After the French dictator was defeated, the case for the metric system in France sank into near-limbo at first, as it did in the US. But it gradually spread across Europe because you can’t keep a good idea down and science and industrialization were demanding it.

Welcome to the rational world

What has kept the metric system going is its inherent rationality. Rather than use a hodgepodge of local systems, why not build one based on measurements everyone could agree on configured around the number 10, which neatly matches the number of digits on most people’s hands?

Above all it’s universal, a gram means a gram in any culture. Meanwhile, buy a pint in the UK and you’ll get 20oz of beer, do the same in America and, depending where you are, you’ll likely get 16oz – a fact that still shocks British drinkers. The differences are also there with tons, and the odd concept of stones as a weight measurement.

Metric is by no means perfect. For example, in the initial French system, a gram, or grave as it was initially known, was the mass of one cubic centimeter of water. A meter was a 10 millionth of the distance between the pole and the equator – although the French weren’t exactly sure how far that was at the time.

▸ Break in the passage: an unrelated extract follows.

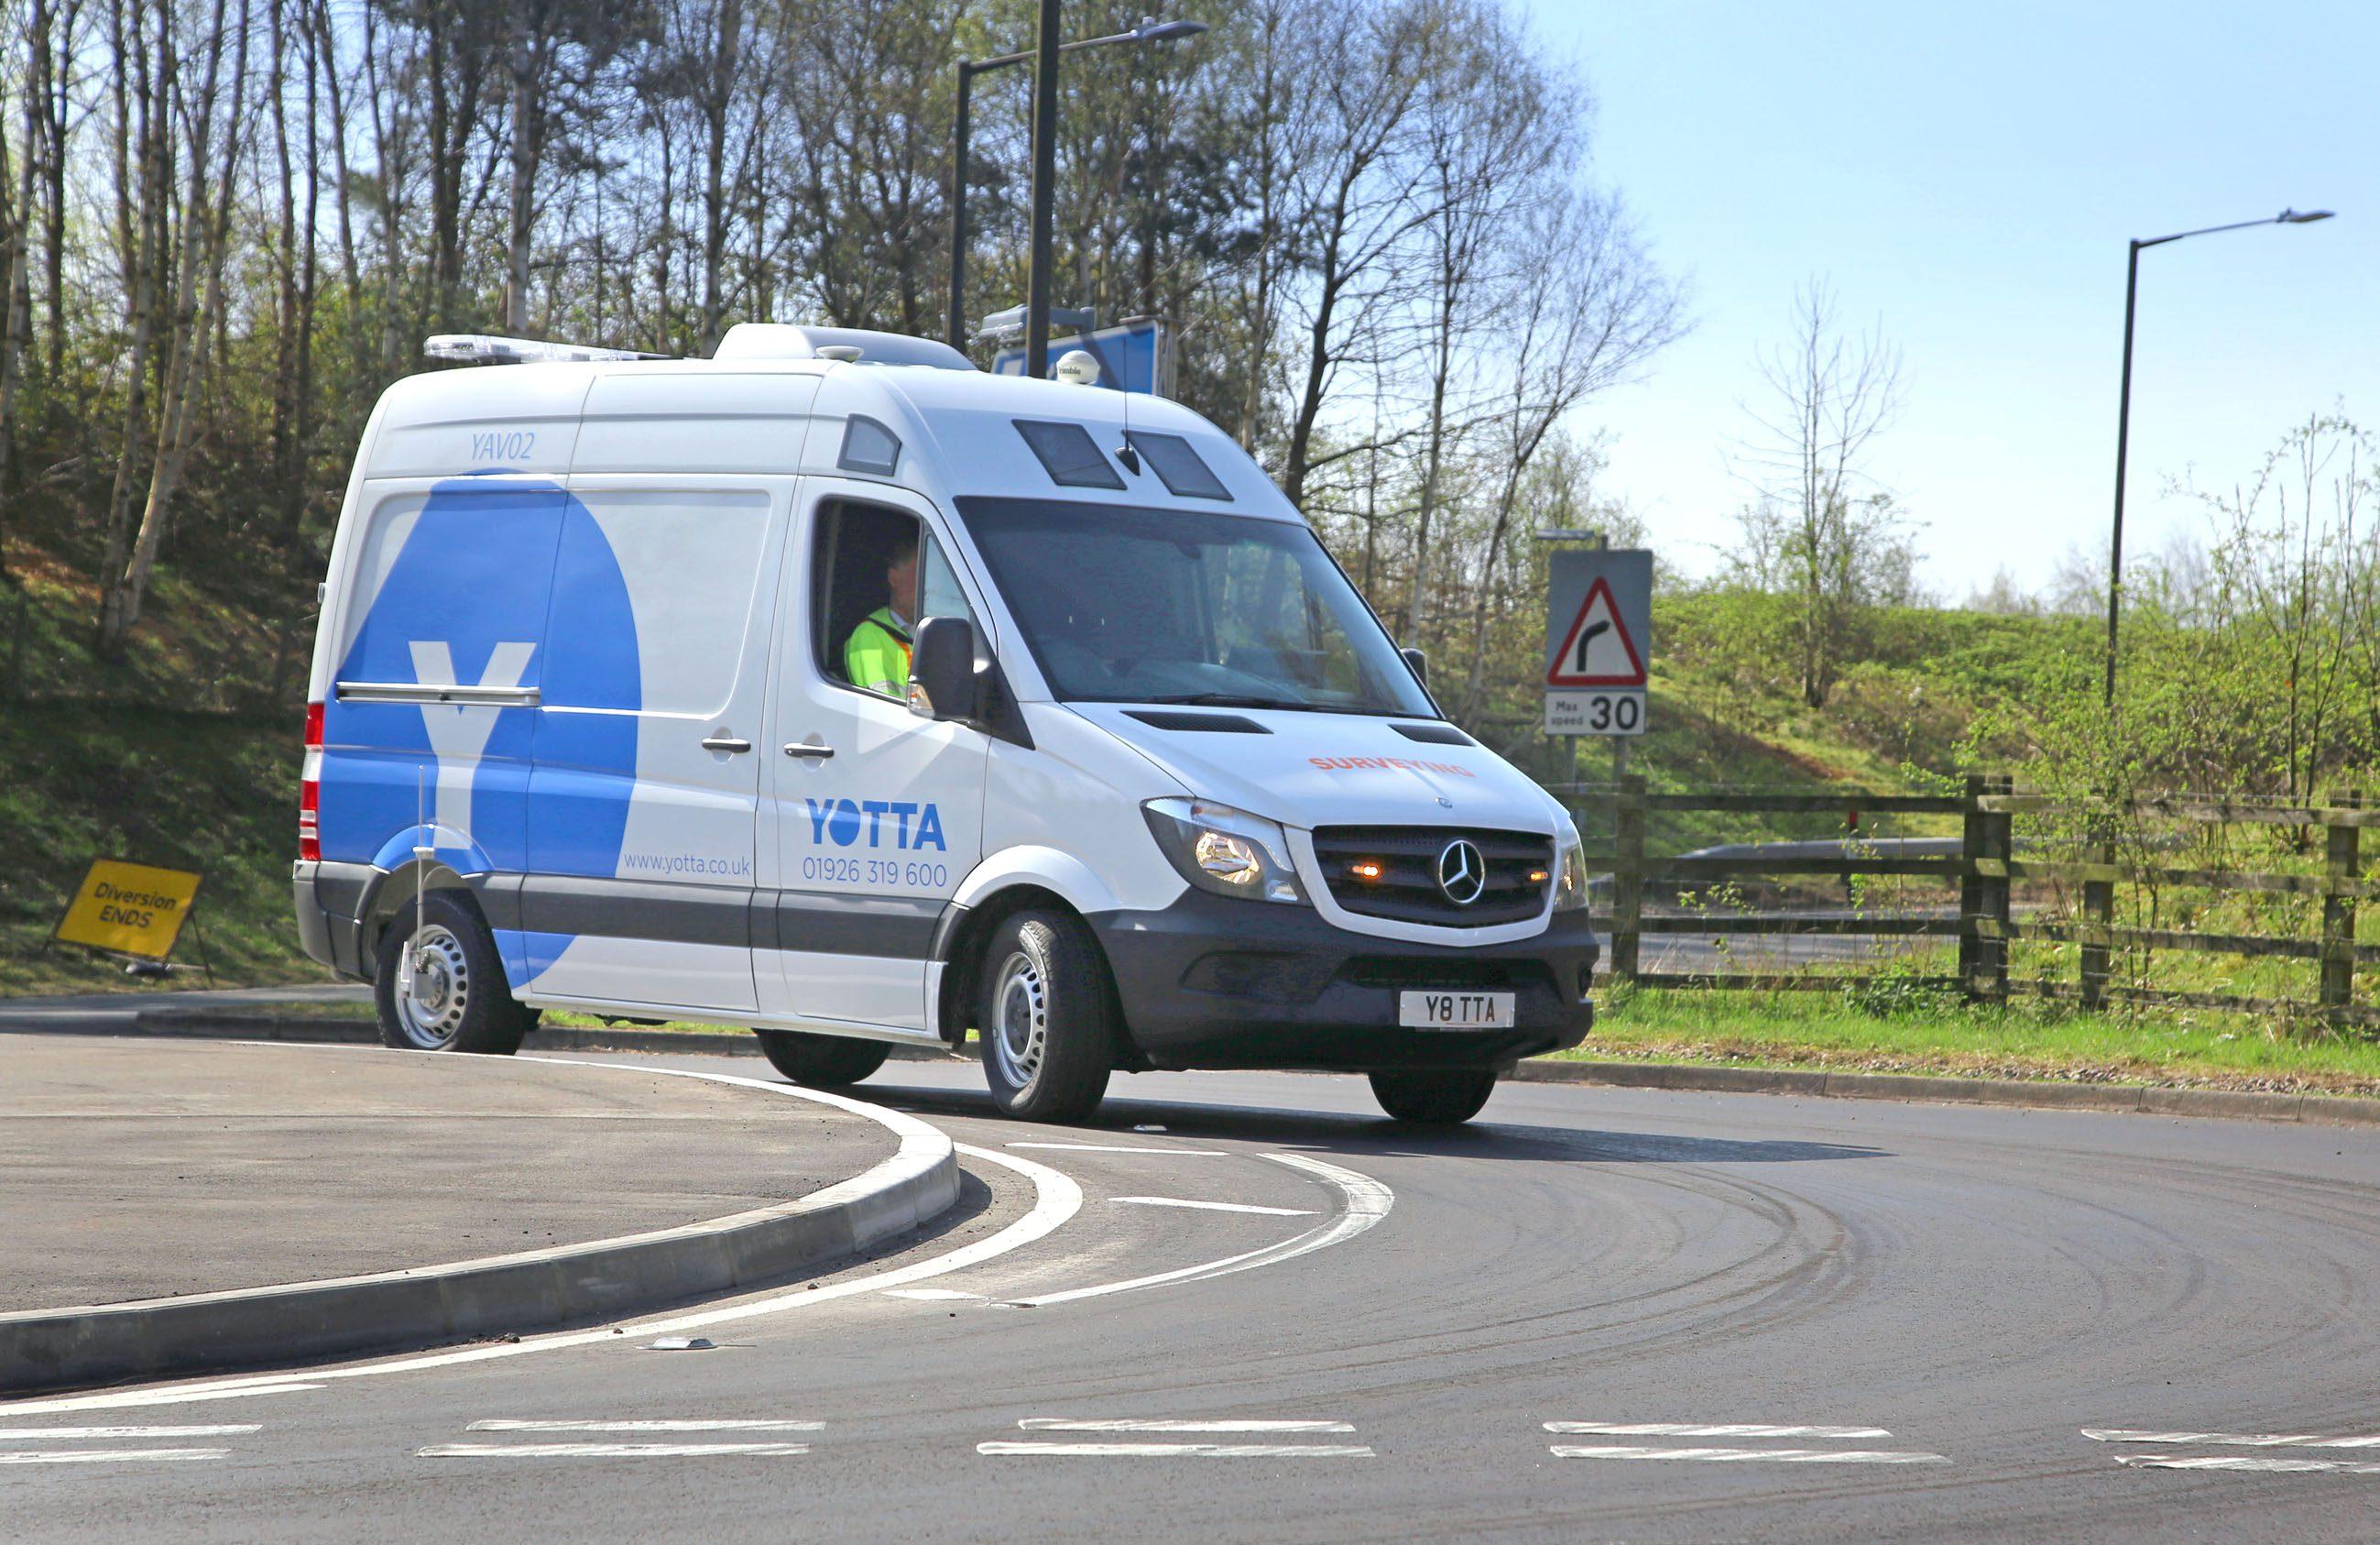 Yotta Launches its Latest Video Survey Vehicle

Since then the system has been revised a lot with discoveries of more natural constants. For example, a meter is now 1/299,792,458 of the distance light travels at during a second. As of 1967, the second itself has been defined as “the duration of 9,192,631,770 periods of the radiation corresponding to the transition between the two hyperfine levels of the ground state of the caesium-133 atom,” but better measurement by atomic clocks may change this.

The chief adherents to the metric system initially were scientists who desperately needed universal sources of measurement to compare notes and replicate experiments without the errors common when converting from one measuring system to another.

This is down to convoluted systems like 12 inches in a foot, three feet in a yard, 1,760 yards in a mile, compared to 100 centimeters in a meter and 1,000 meters to a kilometer. A US pound is 0.453592 kilograms, to six figures at least, these are the kind of numbers that cause mistakes to be made.

Most famously in recent memory was the Mars Climate Orbiter in 1999. The $125 million space probe broke up in the Martian atmosphere after engineers at Lockheed Martin, who built the instrument, used the US Customary System of measurement rather than metric measurements used by others on the project. The probe descended too close to the surface and was lost.

A more down-to-earth example came in 1983 with the Air Canada “Gimli Glider” incident, where pilots of a Boeing 767 underestimated the amount of fuel they needed because the navigational computer was measuring fuel in kilograms rather than pounds. With roughly 2.2 pounds to the kilogram, the aircraft took on less than half the fuel is needed and the engines failed at 41,000 feet (12,500m).

The two pilots were forced to glide the aircraft, containing 69 souls, to an old air force base in Gimli that luckily one of the pilots had served at. It was now being used as a drag strip but thankfully there were only a few minor injuries.

And don’t even get me started on Celsius and Fahrenheit. With Celsius water freezes at 0 degrees and boils at 100 at ground level, compared to 32 and 212 for Fahrenheit. It’s a nonsensical system and the US is now the only nation in the world to use Fahrenheit to measure regular temperatures.

The slow and winding road

Back in 1821, Secretary of State John Quincy Adams reported to Congress on the measurements issue. In his seminal study on the topic he concluded that while a metric system based on natural constants was preferable, the amount of kerfuffle needed to change from the current regime would be highly disruptive and he wasn’t sure Congress had the right to overrule the systems used by individual states.

The disruption would have been large. The vast majority of America’s high value trade was with the UK and Canada, neither of which were metric.

In addition, American and British manufacturers rather liked the old ways. With the existing system, companies manufactured parts to their own specifications, meaning if you wanted spares you had to go buy them from the original manufacturer. This proved highly lucrative.